The degree to which Cat Eye syndrome is expressed can vary greatly. The two most common defects associated with it are coloboma and absence of the canal that forms the anus. Anal irregularities in females frequently include fissures into the vagina. When any of these defects are present, reconstruction or repair of this area is required.
Other defects associated with this condition include eyelid folds that may slant downward, eyes that are widely spaced apart, and depressions in the skin in front of the ears, which may also be misshapen. More severe defects that might necessitate repair present too, in some cases. These are a wide range of congenital heart defects, cleft palate defects, and malformations or defects in the urinary tract, which may involve the kidneys.
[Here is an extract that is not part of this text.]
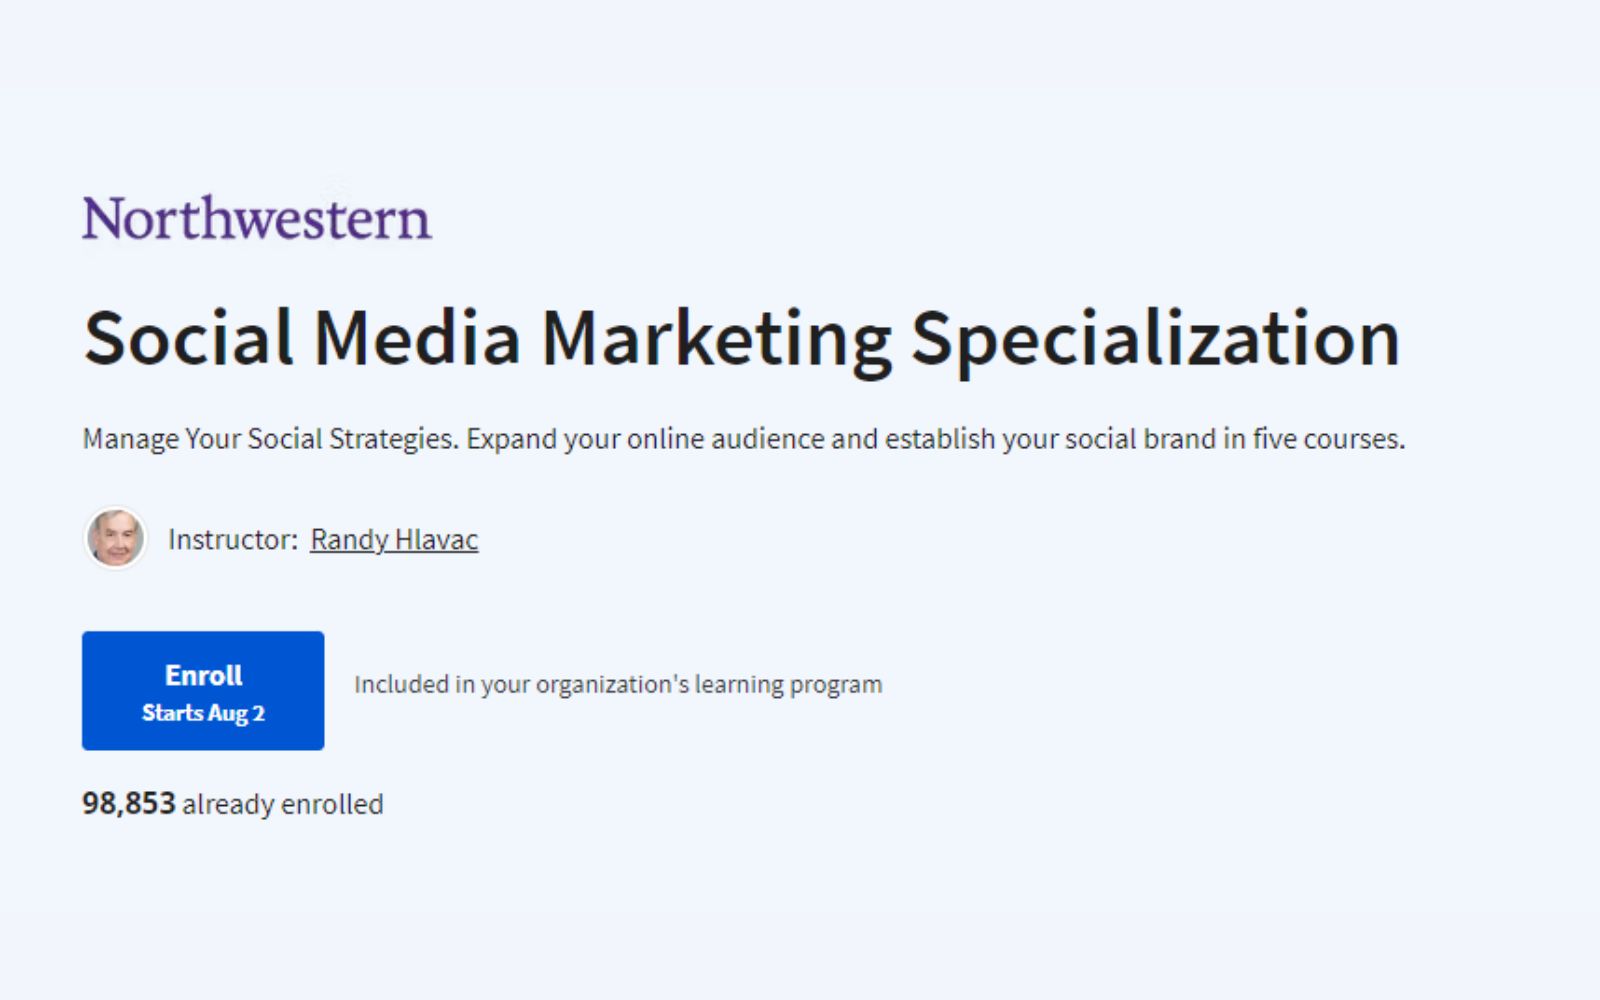 Social Media Marketing Specialization by Coursera

Some kids born with cat eye syndrome have mild mental retardation, but this is not always the case. They may be slightly shorter than peers. On rare occasions, they will also present with some malformations of the skeleton.
It isn’t always known exactly how Cat Eye syndrome manifests. It can occur in families and people who have the disorder have a one in two chance of passing it onto offspring. It’s thought that some people have the condition in very mild form, don’t know it, and may pass it on, but degree of inheritance from a family member who doesn’t have it, isn’t very clearly understood. The majority of kids born with this condition are the first kids in their family to have it.
Though the condition does incorporate a variety of defects that can be severe, outlook for people with Cat Eye syndrome is usually good. It does depend on related defect severity and successful treatment of whatever defects exists, particularly in heart, palate or urinary tract, in addition to treatment of any malformations of the anus. When these conditions can be addressed, many people will live a full life, may have children, and quite possibly will have very normal existences, particularly if they do not suffer from retardation.